New art for Baltimore’s old Confederate statue bases | READER COMMENTARY

The Right Rev. Eugene Taylor Sutton, bishop of the Episcopal Diocese of Maryland, stands next to the pedestal that once held the Confederate Women's Monument in Bishop's Square Park at the northwest corner of the intersection of W. University Parkway and N. Charles Street. The monument was one of four confederate monuments removed three years ago. (Jerry Jackson/Baltimore Sun).

The recent article on the empty statue bases (”4 Confederate statues stood as Baltimore landmarks. Now, their pedestals stand ready to send a new message. But what?” March 26) sparked some lively discussion in our household. Imagine these bases as places for rotating displays of new art by Baltimoreans. “Baltimore Stands for Art” could offer a colorful, dynamic schedule of new installations every year.

While the city already has a monuments commission, perhaps a new governing and programming board could lead the effort. The board could be as diverse as the city and comprised of local community and youth leaders, artists, educators, funders and public-private leadership. With community support, the board could select common themes or topics for a year in advance and provide grant assistance for some proposals — or each community could celebrate its own themes or identities in other years.


Walking and cycling tours could link the bases (”rounding the bases?”) and observers could connect to maps, supporting background information, spoken word and local music via mobile phone. Every year, the new art could be unveiled on the same day, perhaps during ArtScape, or on separate community festival days in each surrounding neighborhood. The area around the bases could host a larger local artist exhibition and market.

Over time, new or pop-up bases could be added for other neighborhoods. The art could be returned to the artist, donated, auctioned or sold per agreement between the artist and board. And then a new year, new art.

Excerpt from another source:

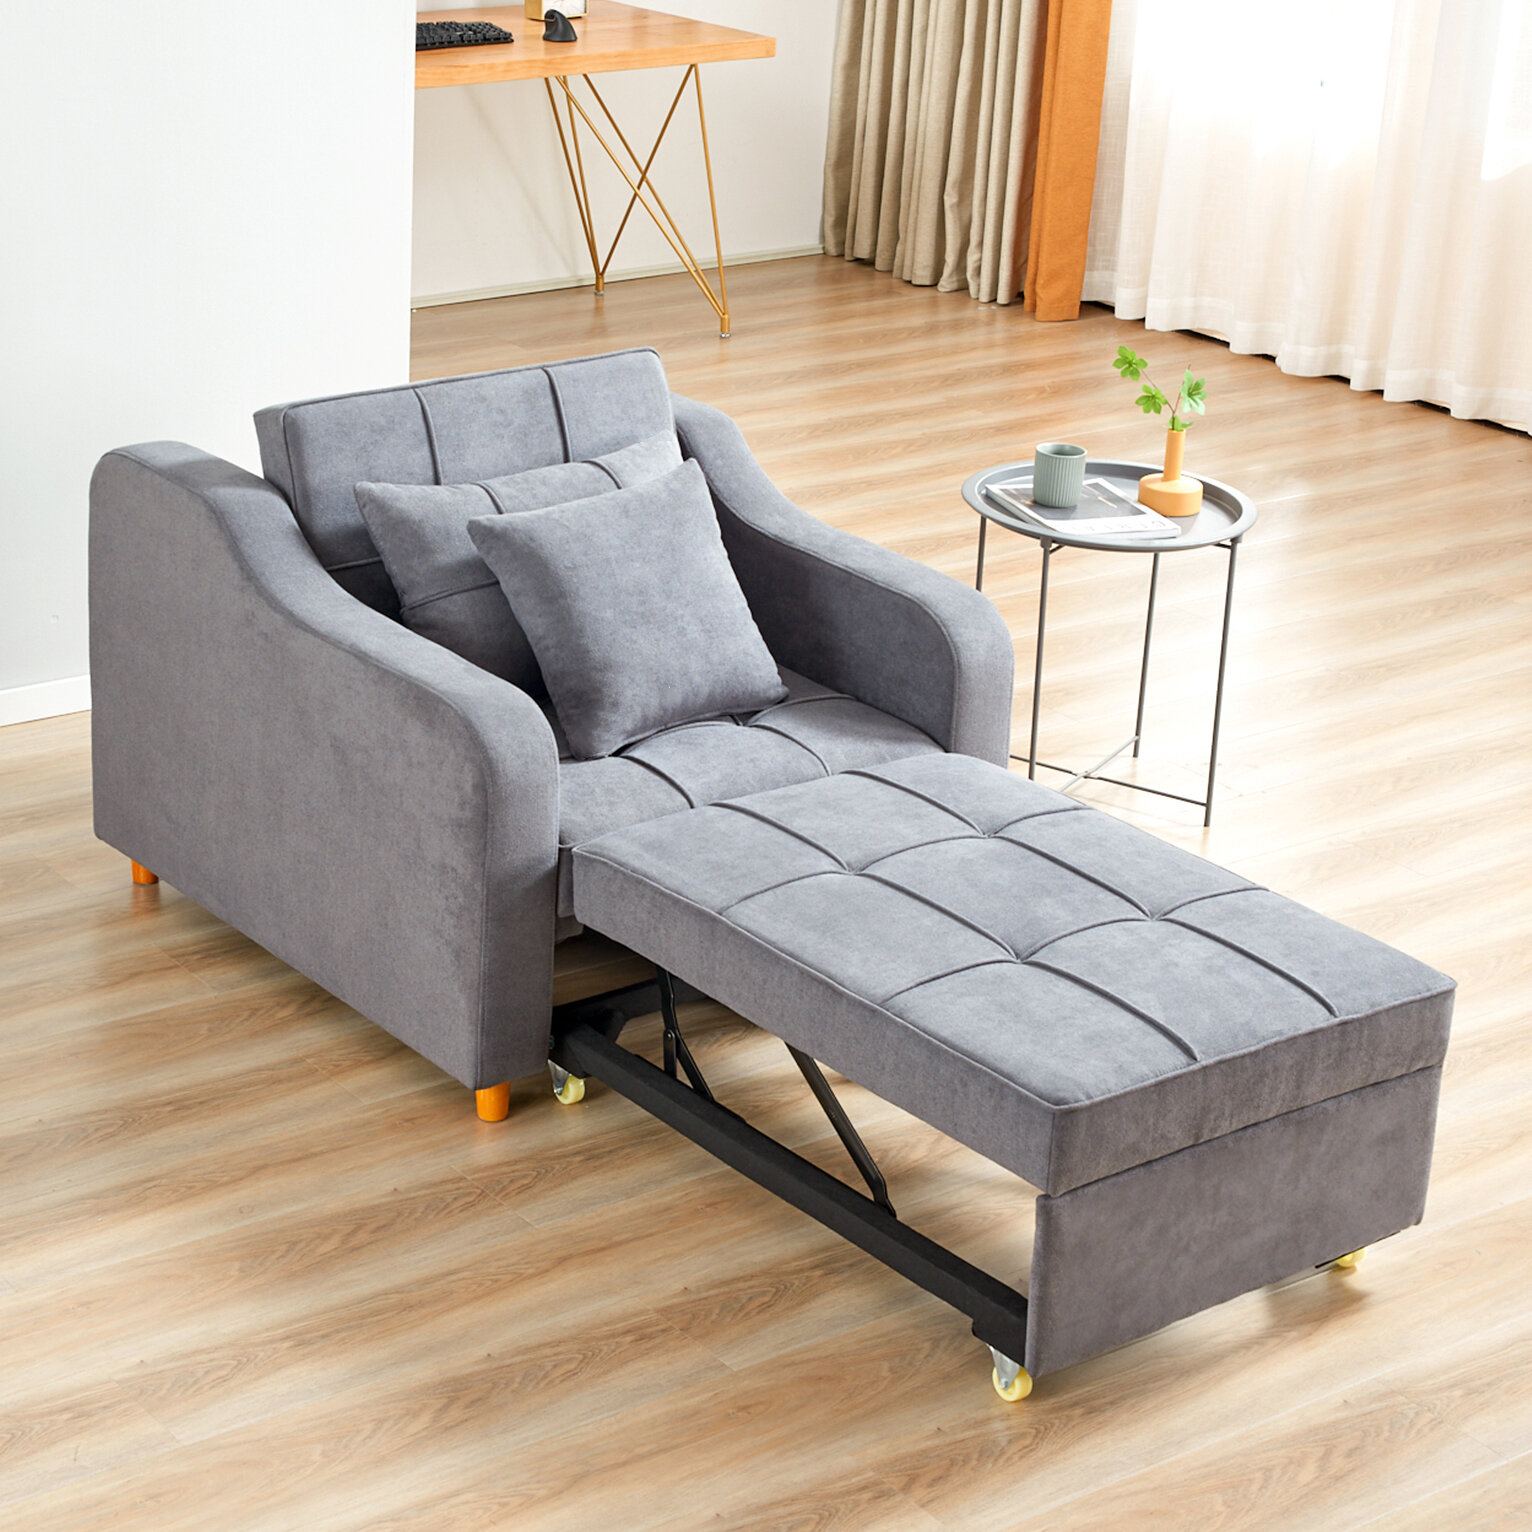 CONVERTIBLE SOFA Bed Lounger Futon Couch Sleeper Loveseat Chaises Home Furniture

Most importantly, the program would emphasize the future and opportunity for many artists, rather than just a few, to have their work publicly displayed in what was once known as the Monumental City. While other cities struggle and dawdle with their own monumental questions, Baltimore could lead the way. Baltimore Stands for Art would speak to the city’s future, because the only thing that is permanent is change. It’s worth another look upward.